[Activity] Retype word for word the stretch of entries below from the line that has "Legal Recruiter Directory" through the line that has "Volkswagen EuroVan 3dr MV 2001", and omit the pictures.

===== Dataset excerpts

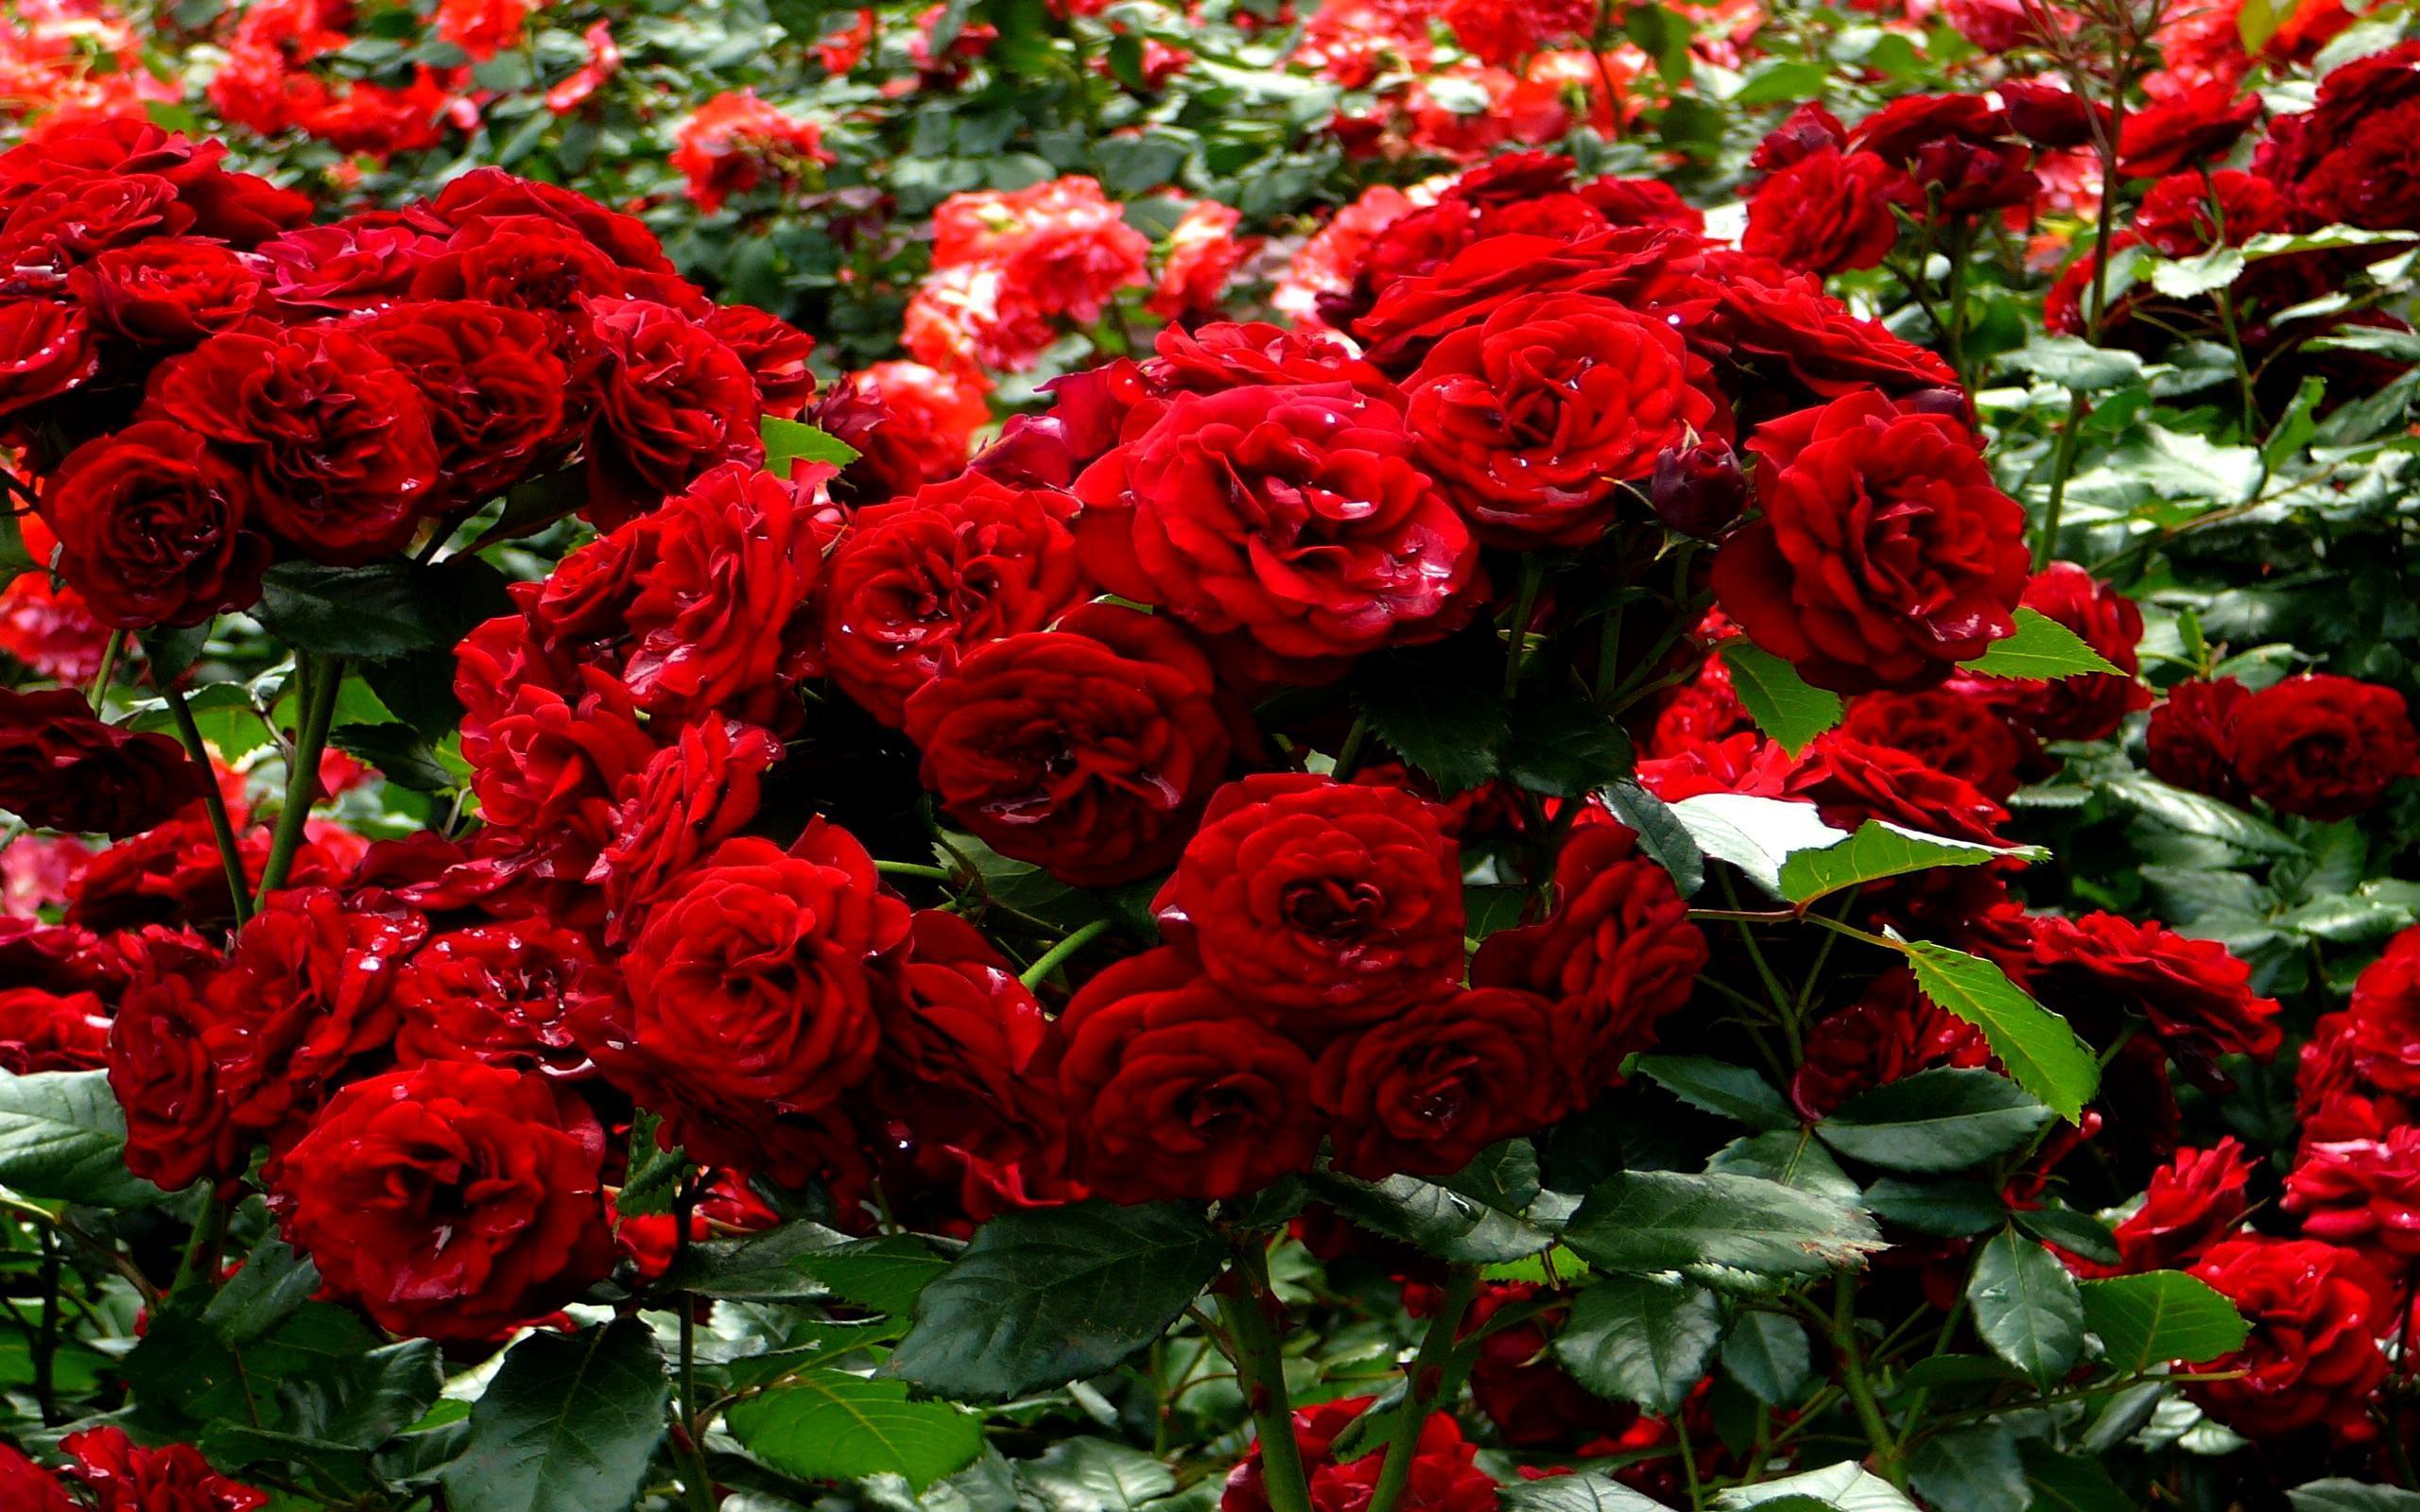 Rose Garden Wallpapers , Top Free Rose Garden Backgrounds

==========
===== Dataset excerpts

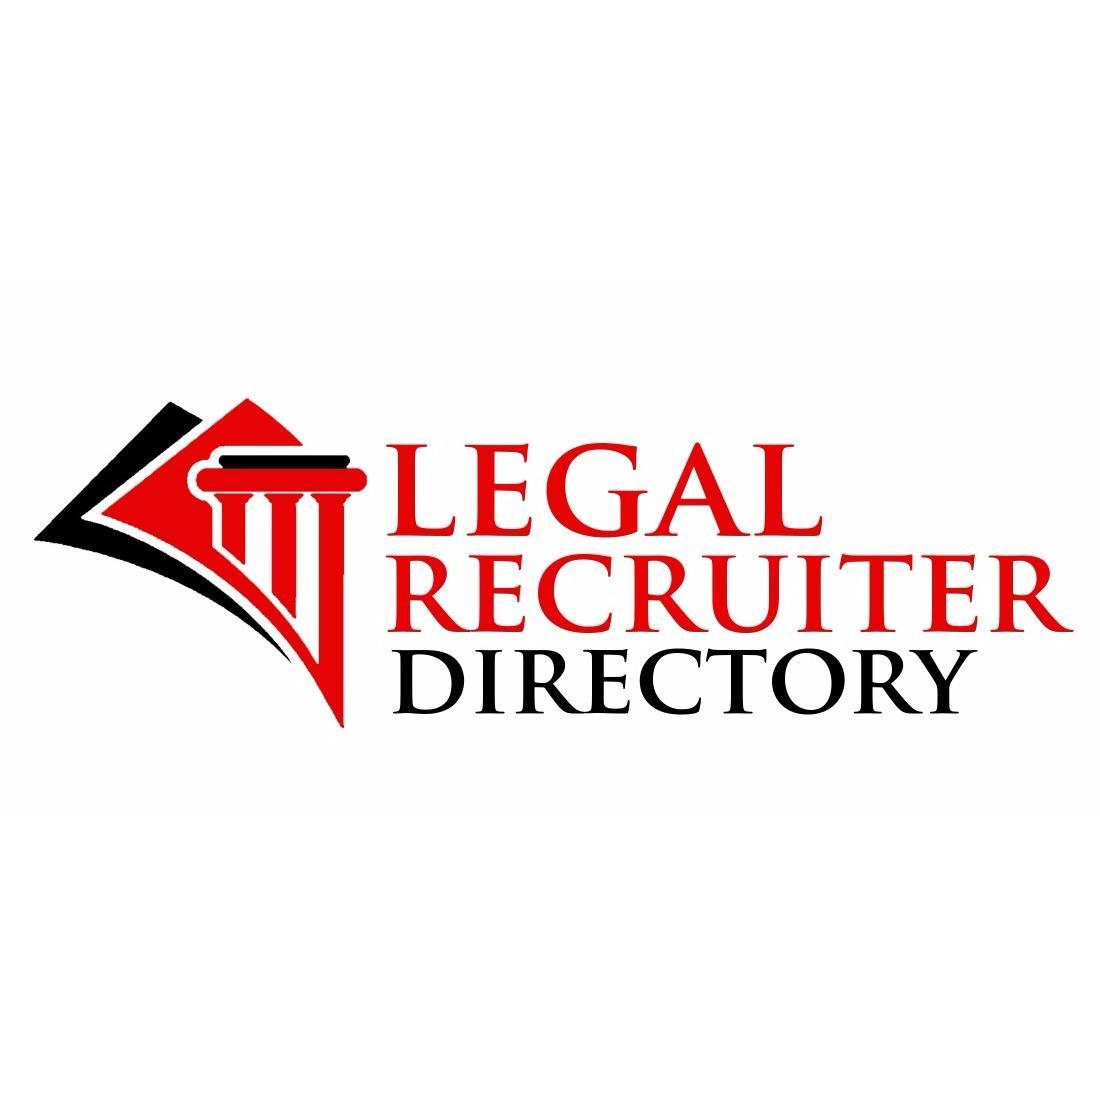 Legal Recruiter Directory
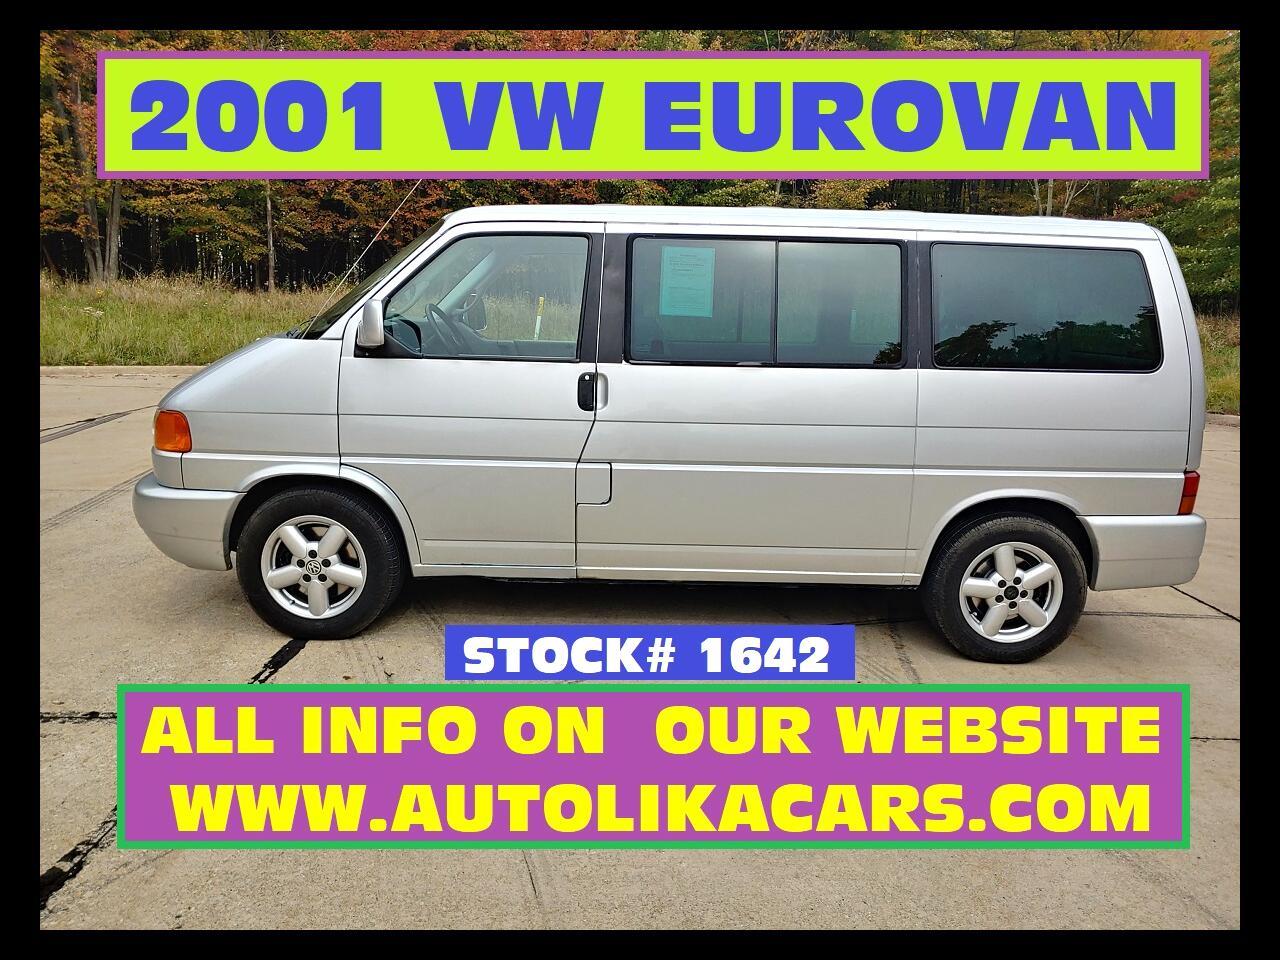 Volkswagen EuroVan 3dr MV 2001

==========
===== Dataset excerpts

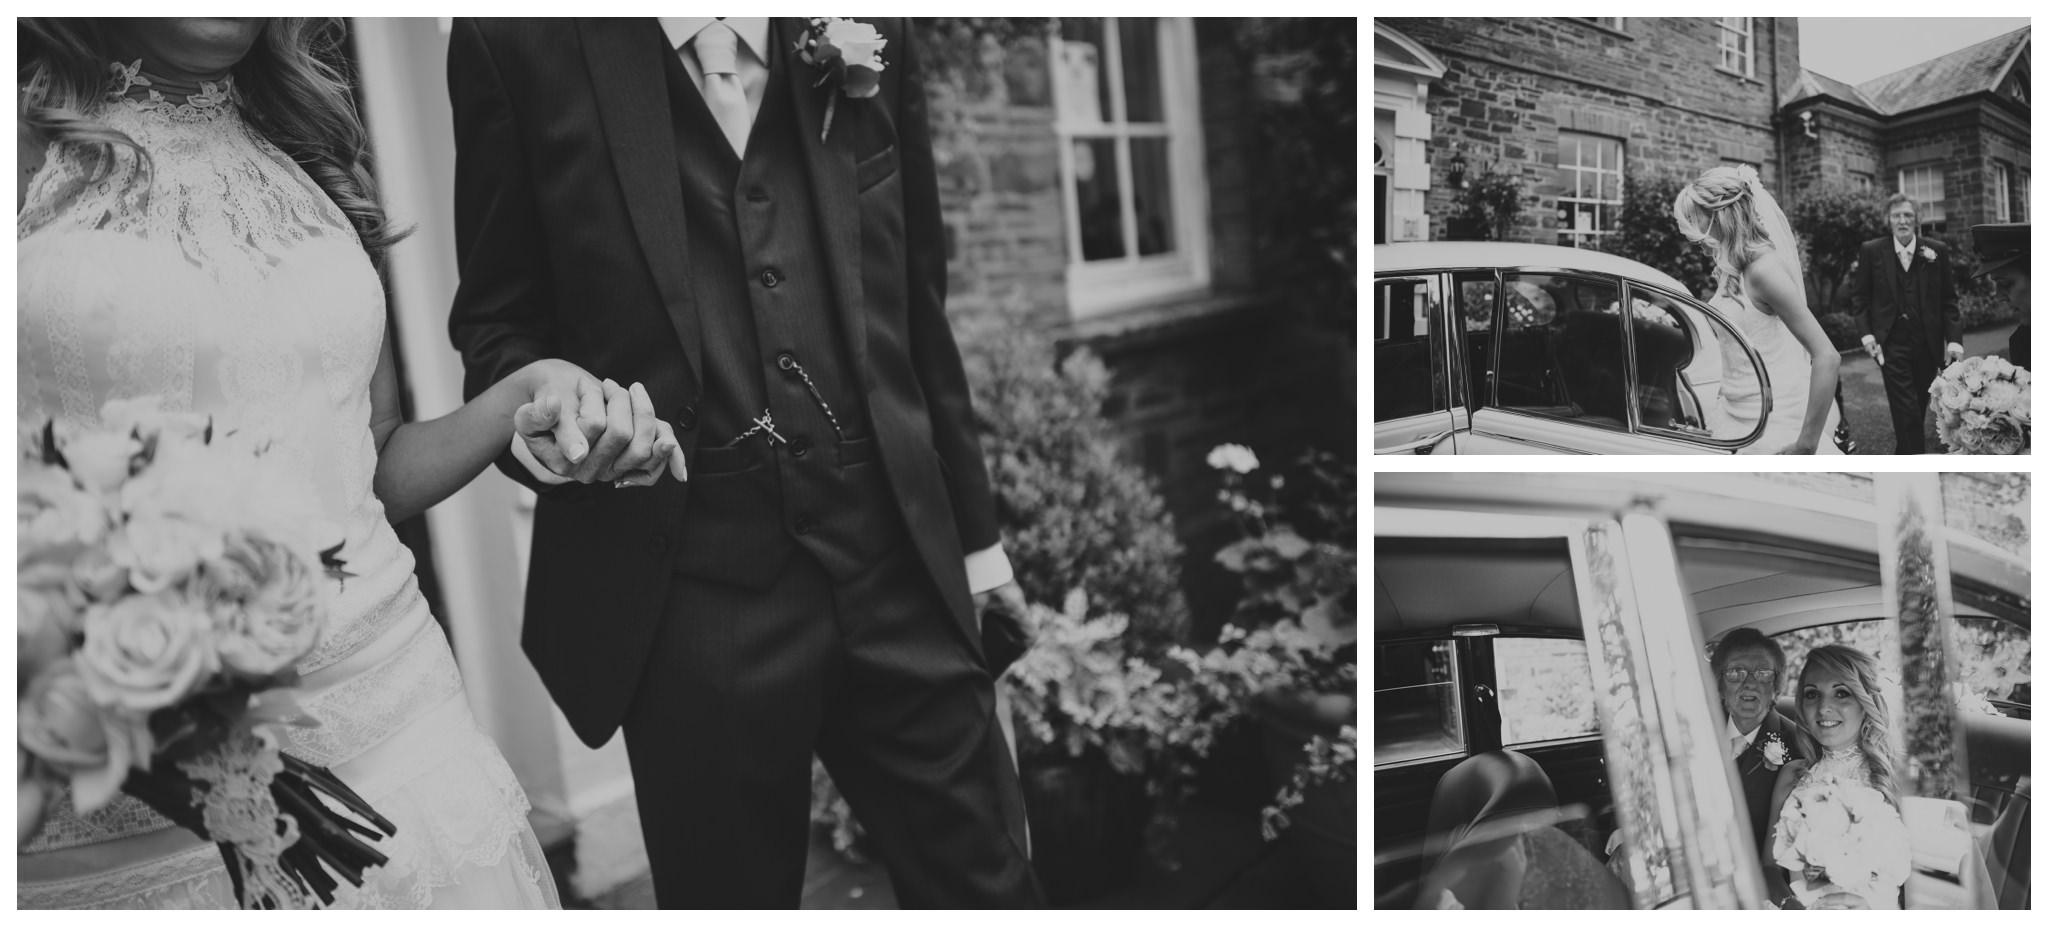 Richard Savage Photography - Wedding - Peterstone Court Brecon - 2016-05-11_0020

==========

[Solved problem]
 Legal Recruiter Directory
 Volkswagen EuroVan 3dr MV 2001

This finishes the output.